There is a lot of good advice here - even though much is contradictory. I think that fact supports the main idea that you need to try to clue in to the shoppers style. Thats pretty hard to do at the door, so I'd stick with eye contact and a minimal greeting.

My personal pet peeve: if you are a sales person and you are not assisting someone, I'd like you to be slowly moving around the store looking for a shopper in need of help. I'd far prefer to make eye contact with you and ask you to come over, as opposed to finding you wherever you may be. And acknowledge me if I am waiting for your help. This is not rude to your existing customer, this is common courtesy.

And - thanks for asking. Many salespeople don't seem to care much about providing quality customer service.
posted by AuntLisa at 11:16 AM on July 23, 2008


Europe has the greeting thing figured out. When you walk into a store, everyone in earshot of the door says "hello" as a general greeting. That's fine; I don't mind someone saying hello when I walk into a store. I do mind walking in, heading toward my product and having someone chase me down to ask how they can help. Say hello and then go away! I don't even mind tracking you down; but don't offer help, or else offer it only in the most general way.
posted by nax at 11:25 AM on July 23, 2008


A personal pet peeve - sales people trying to steer me to something cheaper (or more expensive), based on their assumption of how much I can afford.

I sometimes dress down for comfort (i.e. non-designer jeans and a nice but not expensive blouse or t-shirt), and I have had someone repeatedly try to steer me away from more expensive merchandise on the assumption that I really could not afford it. I basically had to repeat several times and very emphatically that in that particular case I was interested in the features of the product, and not really concerned about the price, and was prepared and able to pay for the features I wanted. I was about ready to walk out and take my business to someone who would just take my money without judging me on the way I looked. This was particularly bad when I was younger ....

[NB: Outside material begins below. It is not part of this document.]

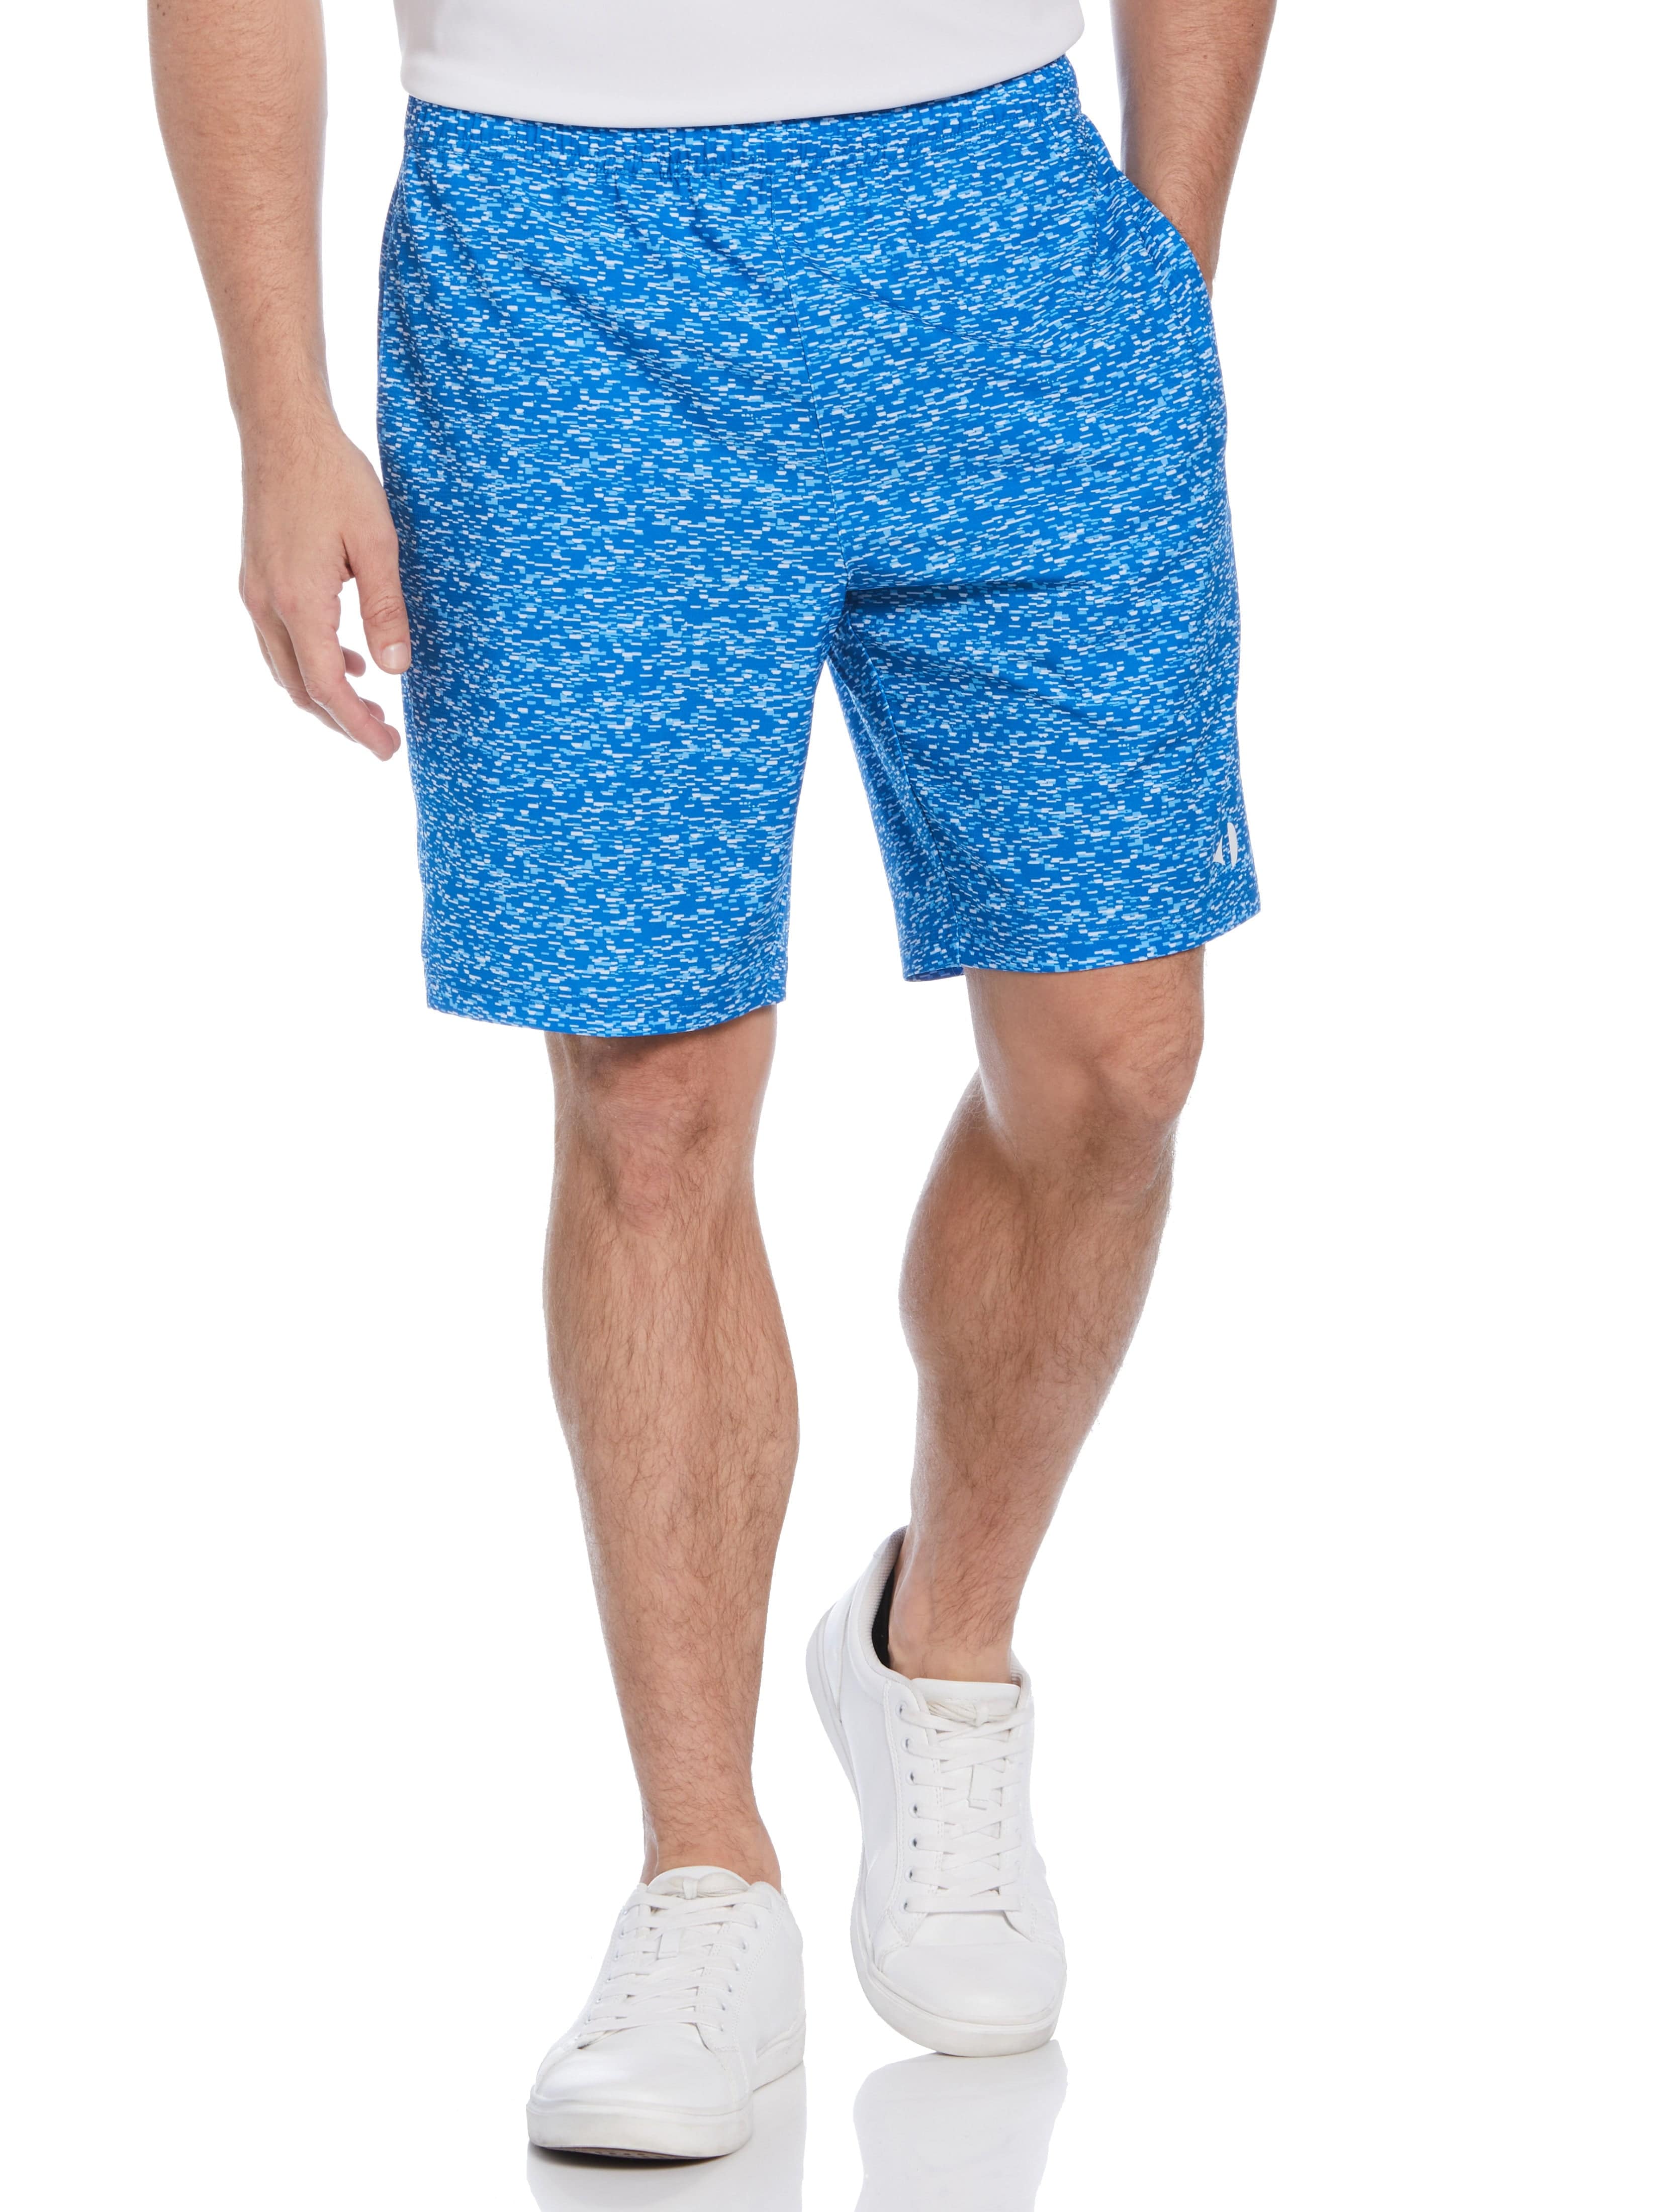 Grand Slam Mens Athletic Printed Tennis Short, Size Large, Egyptian Blue, Polyester/Elastane | Golf Apparel Shop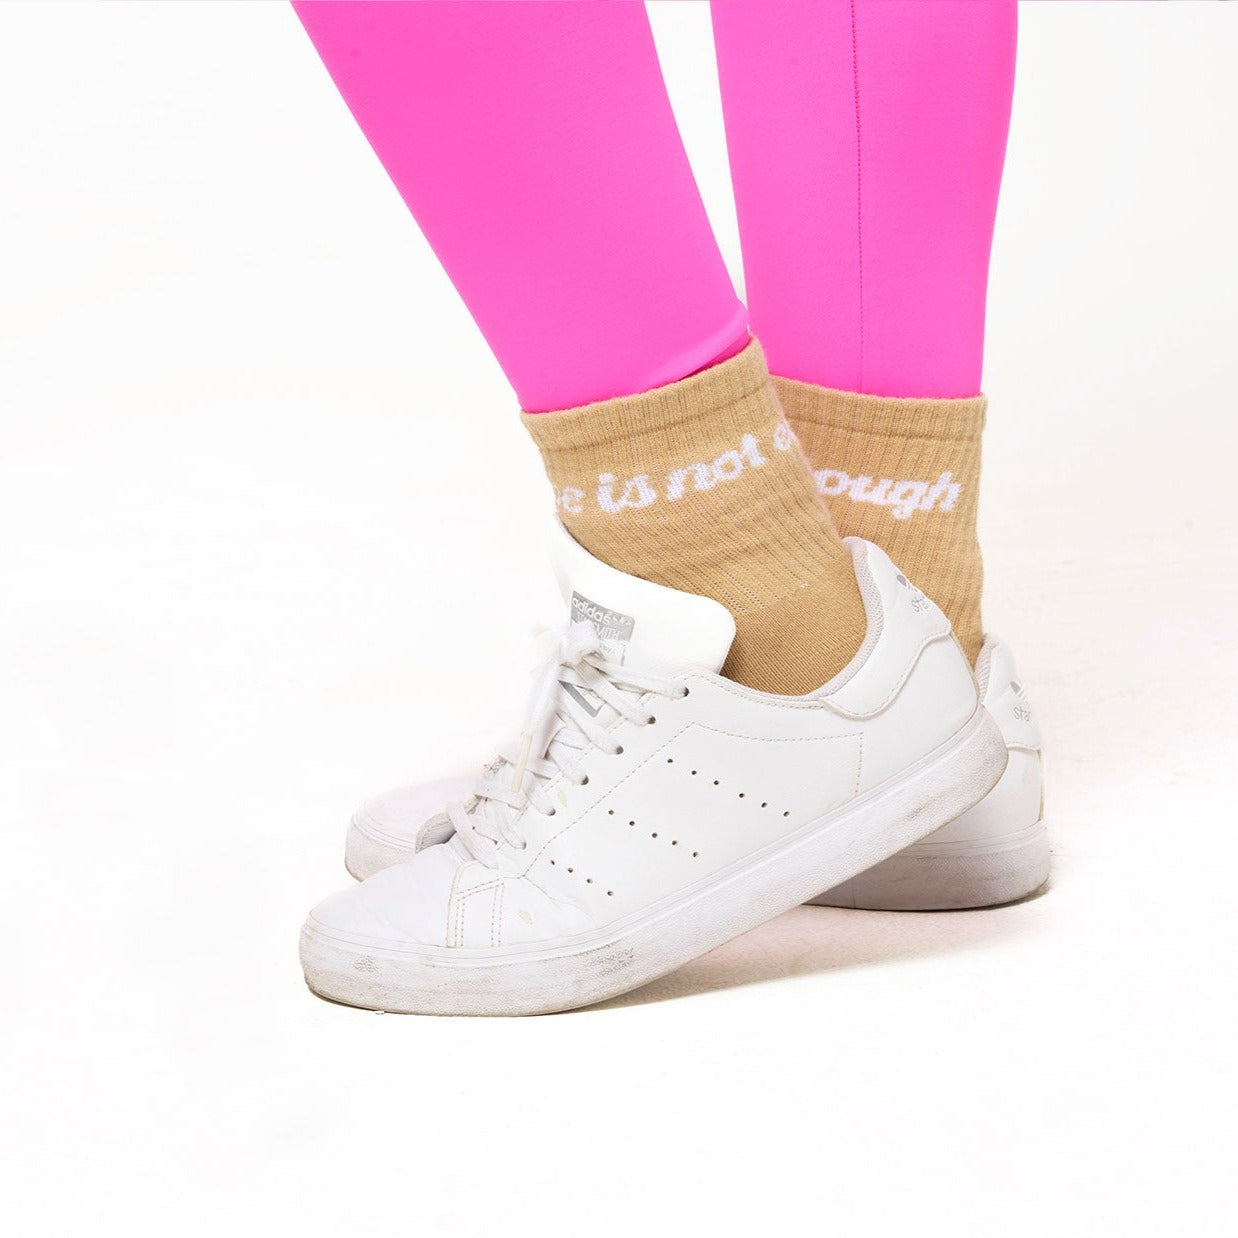 A-MORE Gym Socks

Also, and this is particularly (and stereotypically) bad sometimes in electronics stores, I'm a woman and the sales people will sometimes ignore me, or, if I can get their attention, will direct all tech talk to my husband, assuming the little woman doesn't know anything about that stuff (wrong buddy; I'm usually the one who knows more than he does.)
posted by gudrun at 11:53 AM on July 23, 2008


Having had worked retail for at least 7 years, the biggest thing I've found is to keep in mind that different customers have different desires and to try to come up with a strategy that will allow the minimal amount of fuss.

For example, some people (as some posters above mention) don't want to be approached at all. On the other hand, there are other customers who will not approach an employee, but will fume if no one offers to help them. IIRC, my general way of handling this was to acknowledge anyone that makes eye contact, and develop a sense for what people look like when they need help and then offer a general "let me know if you need anything."

Also, often customer preferences will be in direct contrast to what your company requires you to do. As an example, one chain bookstore requires cashiers to attempt to sell a "membership" to every customer they ring up, while another big box requires cashiers to try to get people to sign up for credit cards. Try to find a way to balance the "needs" of the company and the wants of the customer on that.
posted by drezdn at 12:00 PM on July 23, 2008


I sell yarn, and teach knitting, which is an admittedly unrelated part of retail. But. I suspect some things I have learned will be helpful to you.

1. Remember what the person likes. This takes time. Yesterday I was able to pull out just exactly the type of pattern that a customer was hoping to find (Her description: a cardigan for a baby girl, fun enough to make for twins. This could have been any infant cardigan pattern in the store.) Had I not paid any attention to her in previous visits she would have had to look through two huge binders of baby sweater patterns to decide for herself. As it was I was able to hand her one binder to browse while I pulled out the pattern from the other. She was impressed and because she trusts me she didn't look for something "more perfect."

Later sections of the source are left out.